Somehow, many kids seem to sense that and tell parents their bodies feel wrong. But if open-minded parents can make childhood less painful, they can make life challenging for schools. Last year, parents of an 8-year-old boy who wants to live as a girl approached the Doug las County School District about allowing the child to attend school safely. District spokeswoman Whei Wong said at first there was "negativity."

But, she said, the district did a lot of research and had a lot of conversations with the child's parents and teachers. "We had protocols in place to make sure our student knew who to contact if they felt in danger," she said. "We put in place process and procedure that will be a reference in the future."

That's a far cry from the experience Carol Ganow, who lived as a man until her mid-40s, had in high school. "I remember walking through the halls hoping not to get killed," she said. That sort of baggage has kept the volunteer gender-identity center, its support groups and education humming along for 30 years.

Inside its cozy basement, a pair of posters sum up the gamut of issues that clients grapple with, from the monumental to the mundane. On the mundane end of the spectrum: Bold words "how NOT to apply makeup" float over a picture of a trowel with a red slash through it. Of more importance: a flier announcing a meeting of "Trans And Sober."

Substance abuse is a problem, as is suicide. The GLBT's Movement Advancement Project estimates that as many as 51 percent of transgender people have considered killing themselves; 26 percent have tried. But these women didn't come this Tuesday to discuss the past. That's what months of therapy — required to begin the gender-change process — are for.

Advantages of youth

These women have more immediate concerns, such as how to help another young woman, Rachel, perfect the movements, walks and gestures that signal femininity. In one sense, Rachel is lucky.
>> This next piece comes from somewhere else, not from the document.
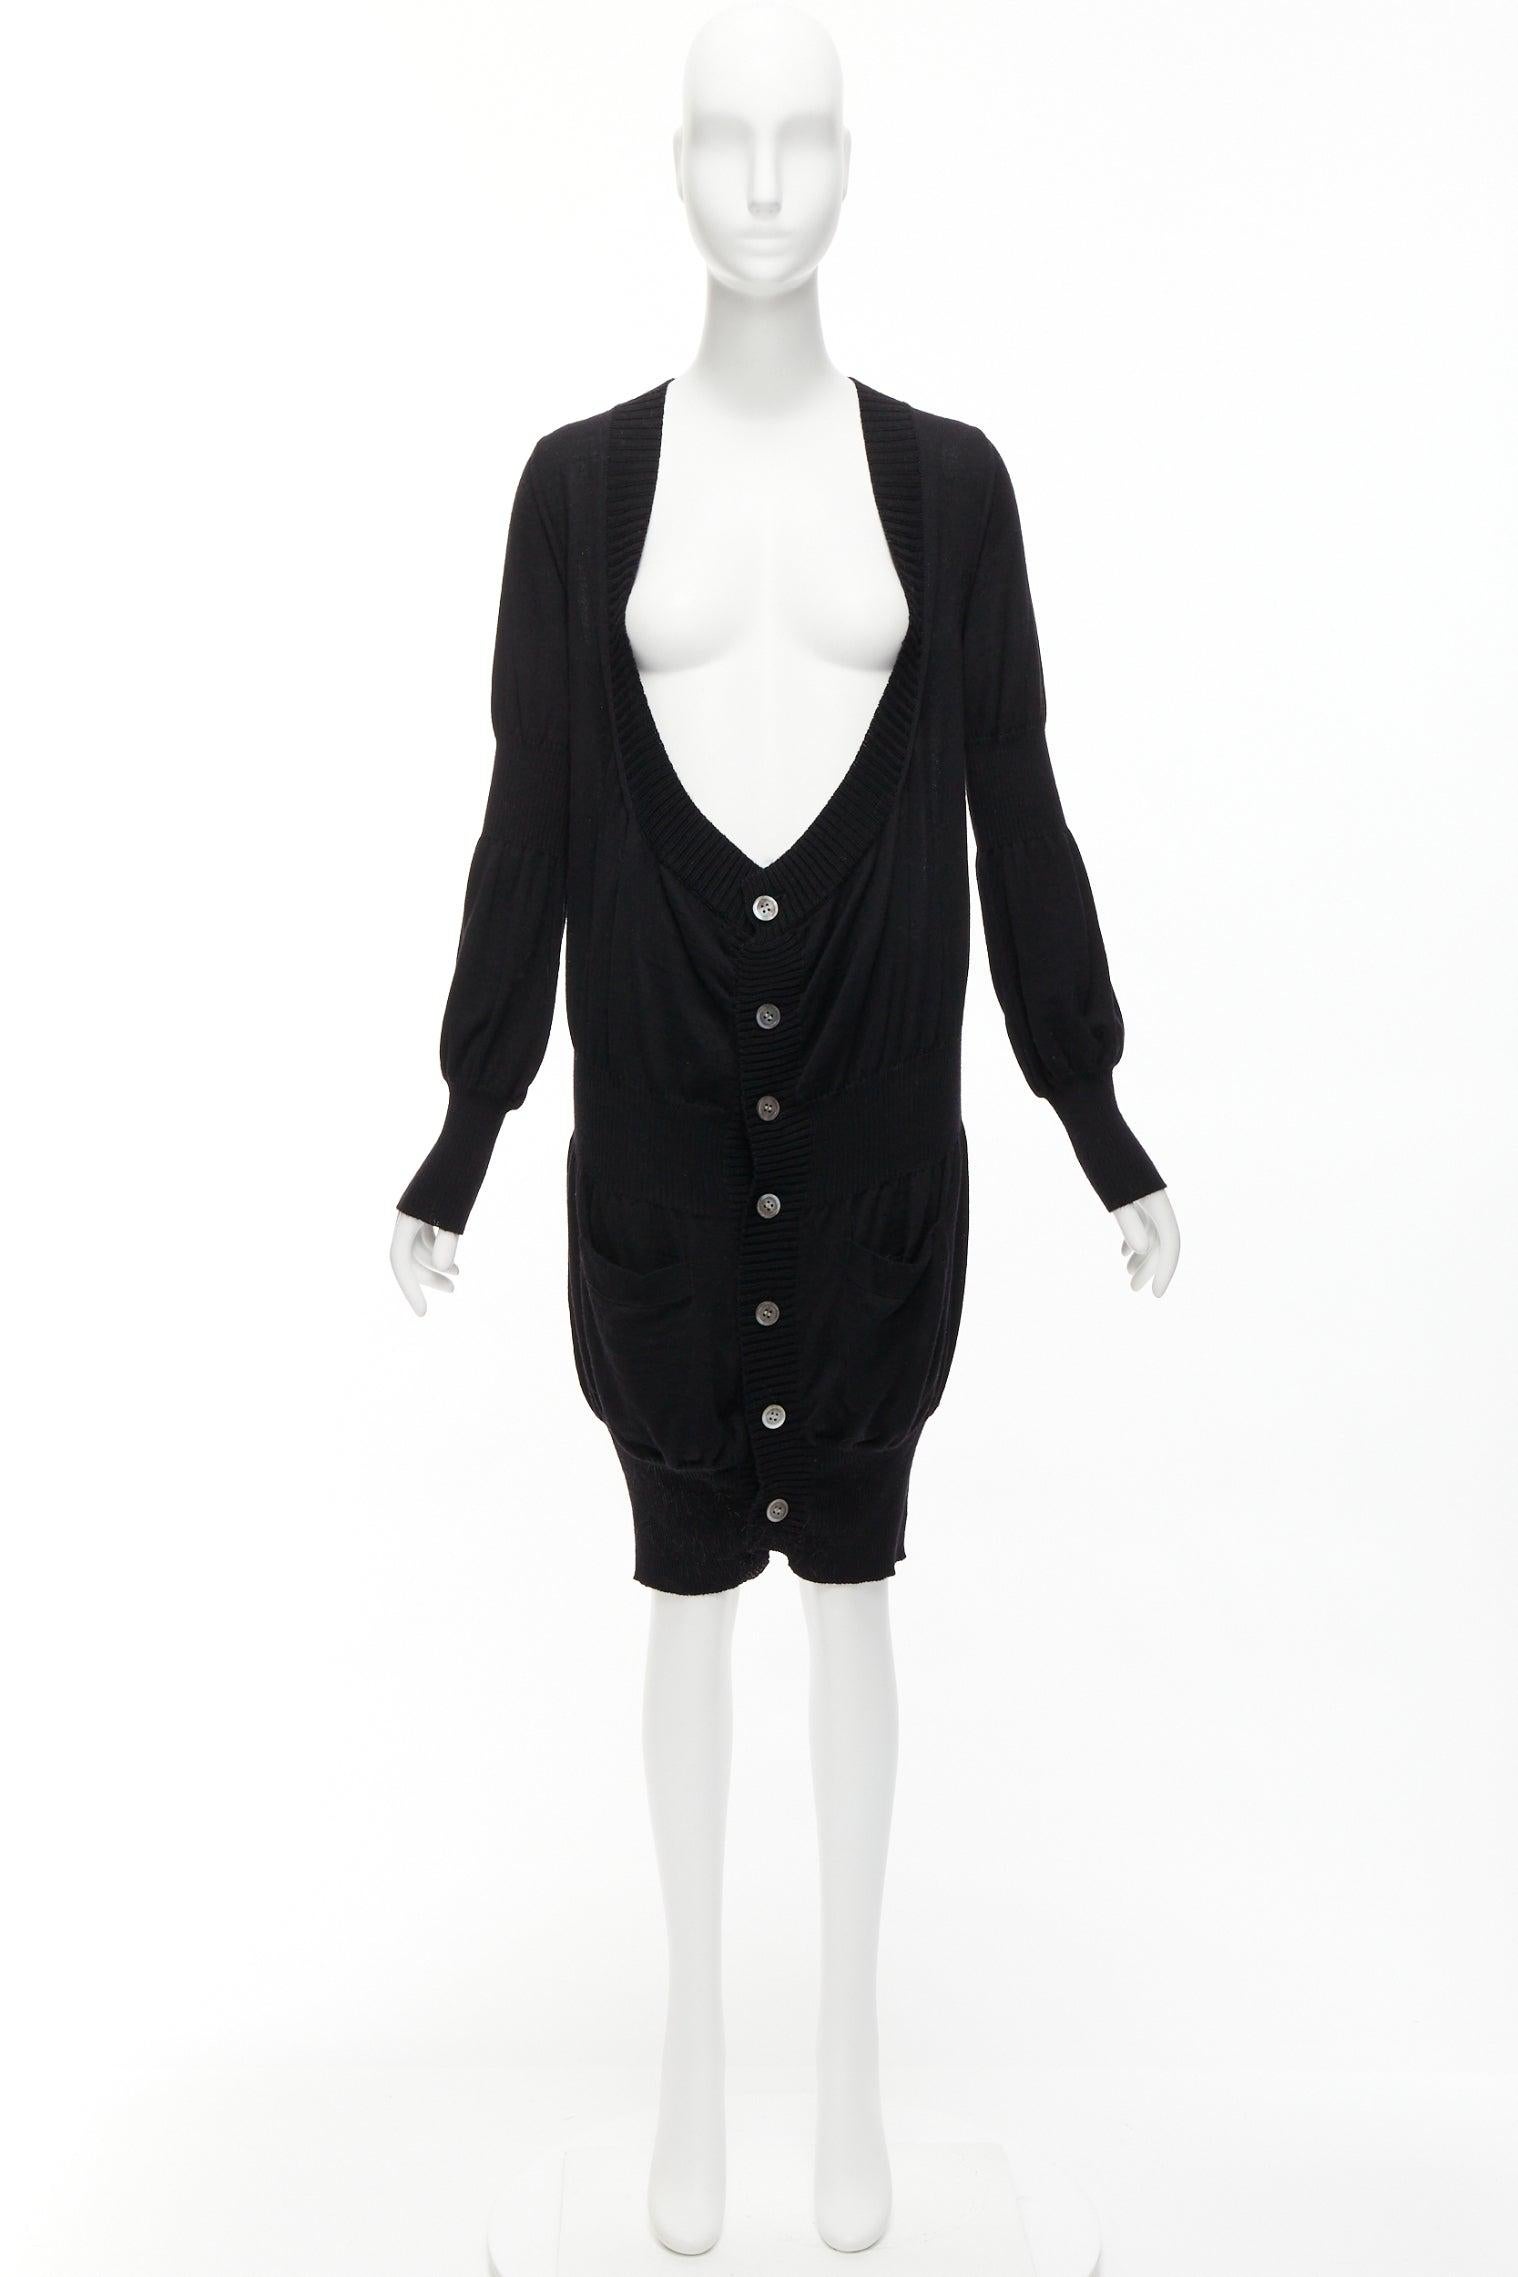 JUNYA WATANABE 2006 black wool low cut long button up cardigan sweater S For Sale 5

She's young; she won't have decades of working at masculine carriage to unload. And it typically is easier for those who transition younger to "pass," in the parlance of the trans world. But she's not as lucky as Stacy Kilpatrick. At 29, Kilpatrick has a lean body and a natural talent with an eyeliner wand any woman would envy. When she was in what she calls her "butch" phase, "trying to say this isn't real," she trained to be a firefighter and an EMT. That's a common thread in her patients' histories, Bowers said. A large number served in the military, like Christy McCleary, who was a crew chief on B-52s during the Vietnam War. Lately, Kilpatrick has done office work. Until she was laid off in January, she worked for a mutual fund. Now, with her new, legal name on her resume, with her hormone treatments in full swing, she's job-hunting for the first time as a woman. And she's desperate to fall from the ranks of the transgender unemployed, estimated at 40 percent.

A couple of weeks ago, a law firm called her for a second interview. That's when she told them about her background. "He said, 'Well, honestly, I'm not comfortable having you interface with my clients.' I was devastated. I really thought this could be the one," she said. The first time Kilpatrick went out as a woman, on Halloween in 2006, she wound up in the hospital, with a concussion and a shattered wrist.

She filed a complaint against the bouncers who beat her and hopes a settlement might someday pay for her surgery. The process isn't cheap. There are hormone treatments and therapy. For men becoming women, there are breast implants, electrolysis and maybe facial surgery to reduce manly browlines. Then there is the reassignment surgery, which can cost $20,000 in this country. Virtually nothing is covered by insurance. A week from her surgery, Julie estimates her transformation will cost $100,000. Still, Bowers has a 10-month wait for surgery — down from 14 months before the recession. But Julie feels she has no choice: "You reach a point where you have to do this. It's lifesaving."